MarketingCharts would seem to think so, according to this article:
Nearly two-thirds (65%) of CMOs and marketing execs say their ad
budgets will decrease because of the troubled economy, but more of
their money will go toward digital/interactive marketing than before, according to a new survey from Epsilon.
Roughly the same percentage (63%) of the 175 CMOs and marketing execs
surveyed report that their spending on interactive/digital marketing
has risen, while 59% report a decrease in traditional marketing spend.

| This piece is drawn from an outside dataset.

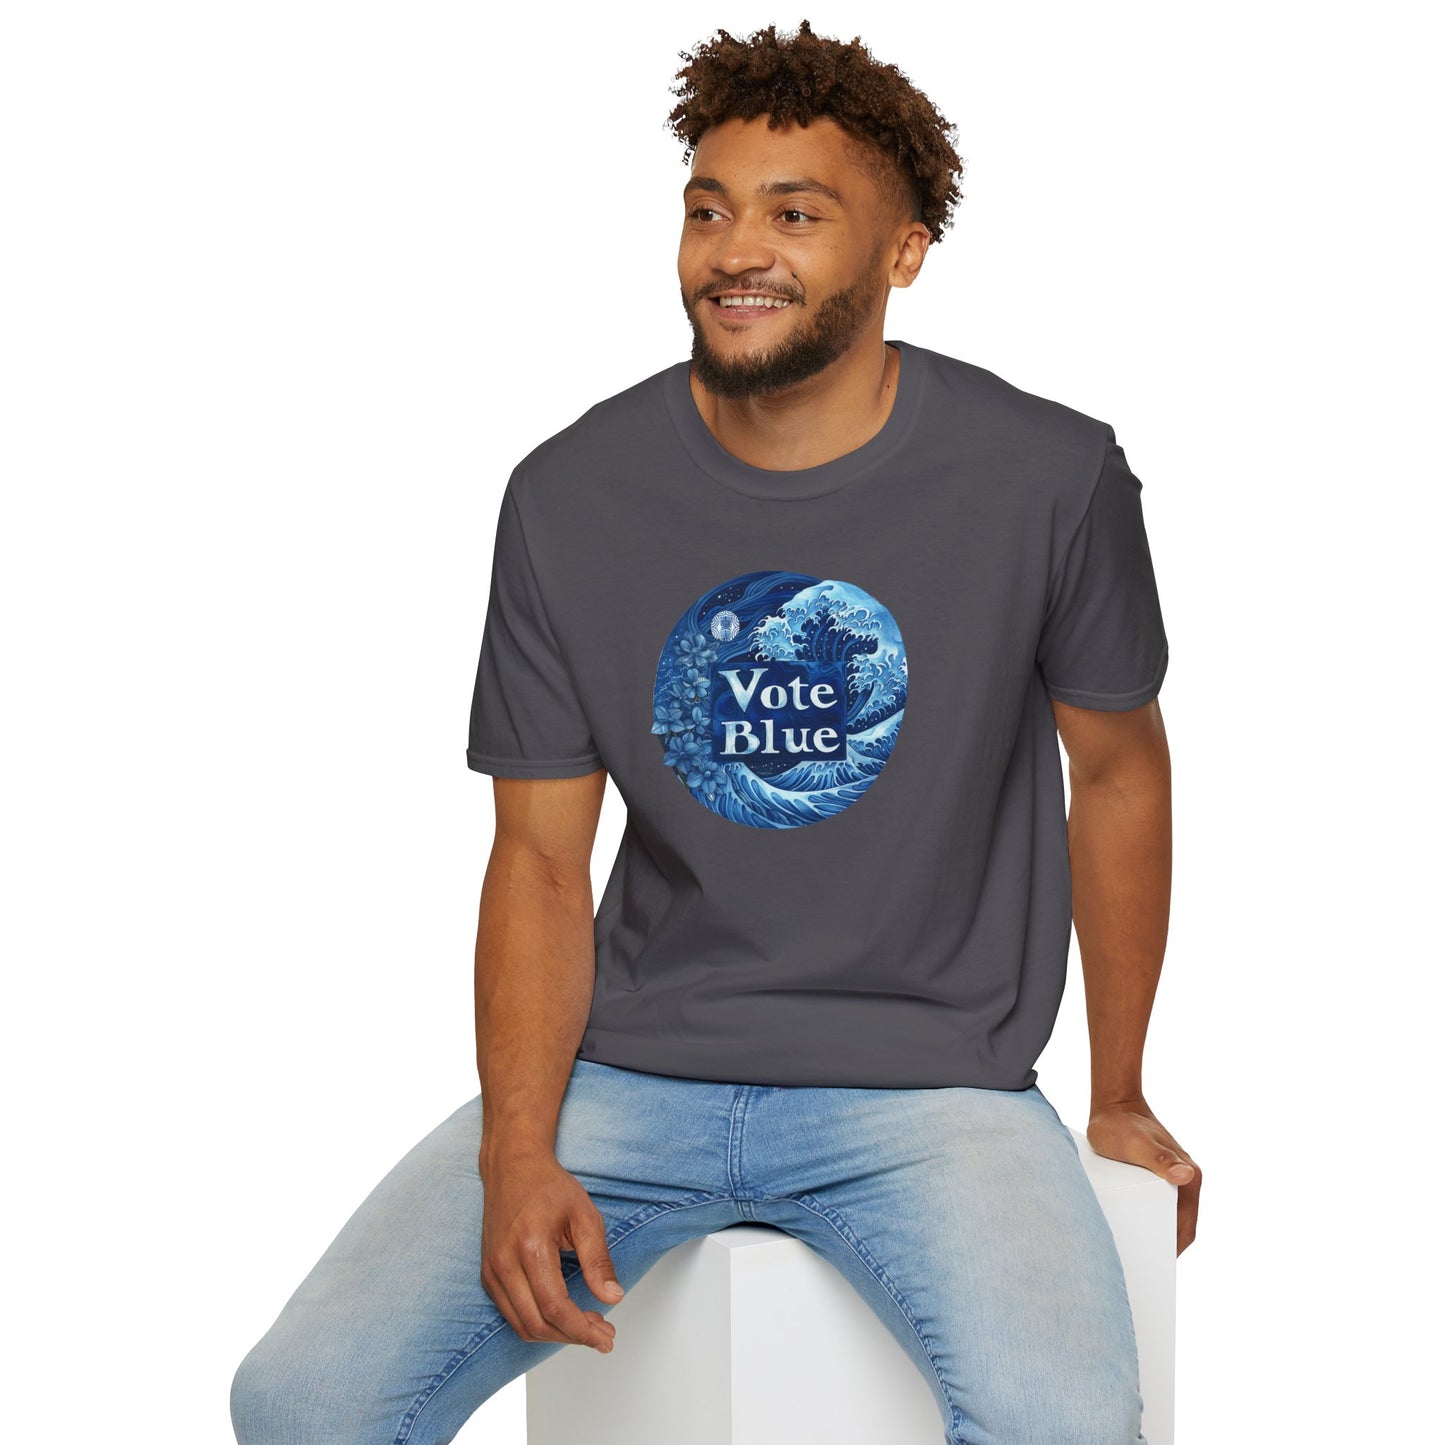 Vote Blue Shirt Vote Biden tshirt Political tee Election shirt Unisex T-Shirt Liberal Activist tshirt Statement tee Japanese Art shirt
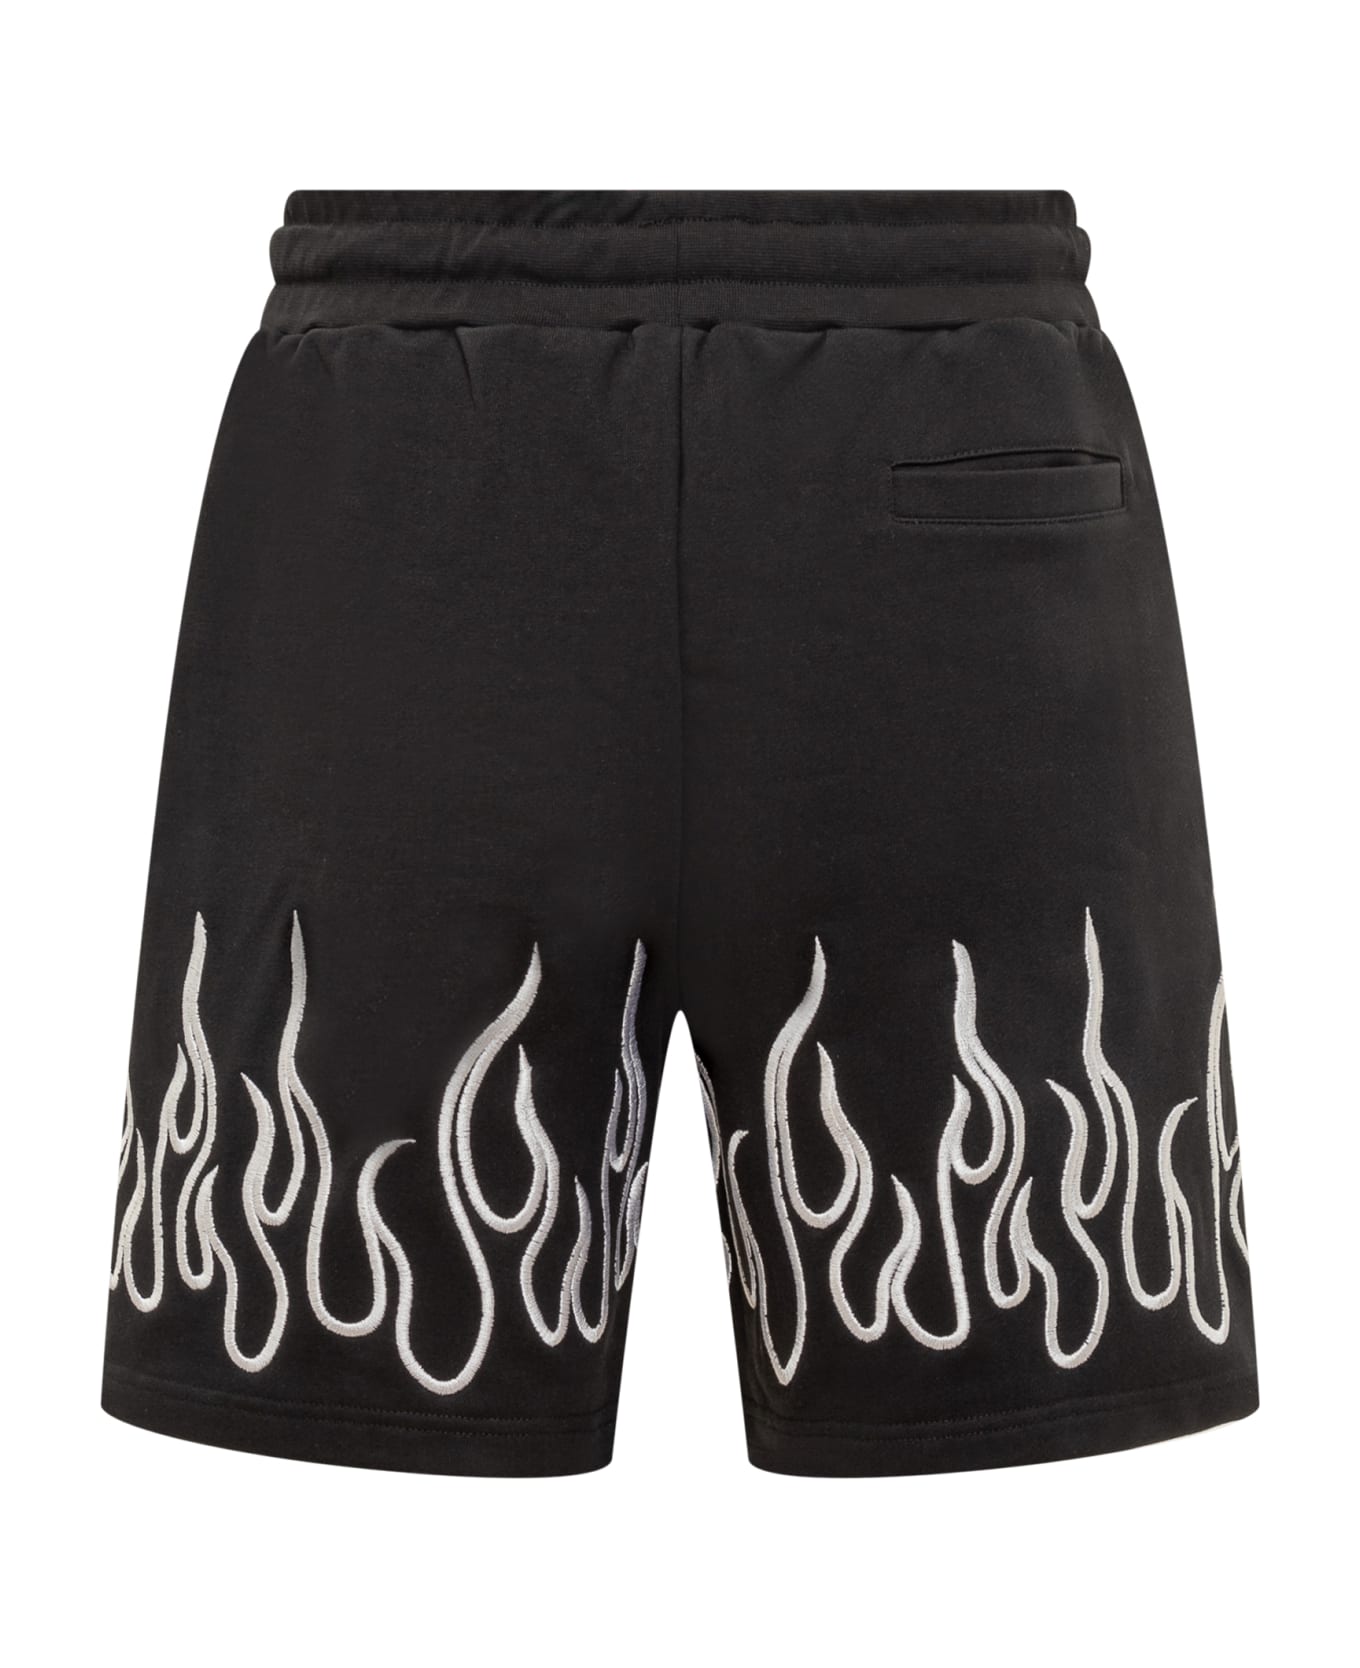 Vision of Super Flames Shorts - BLACK ショートパンツ

The study also finds that though CMOs are facing tough challenges in
the current economic climate, 94% of those surveyed agreed with the
statement, “A tough economic period is precisely the time when
marketing plays a key role.”
Our take:
Statistically speaking, marketing is usually one of the first things to get cut as retailers and CPG manufacturers feel the heat from shareholders. However, traditionally these groups also tend to fare the best over the long-run, taking smaller percentage cuts than other areas quick to get reined in (including human resources, manufacturing and all sorts of middle-management). The reason is simple: marketing must ramp up before manufacturing can again, in order to build demand. Consequently, cuts to marketing are typically earlier but smaller. Bumps to marketing also happen more quickly, and sooner than to other areas of business development. Given the trend towards accountable marketing, we predict that above-the-line marketing programs, particularly for TV, will get cut most deeply during this down cycle. The winners will be Internet and shopper marketing programs, which are less expensive to run, more accountable, and, according to many, more productive.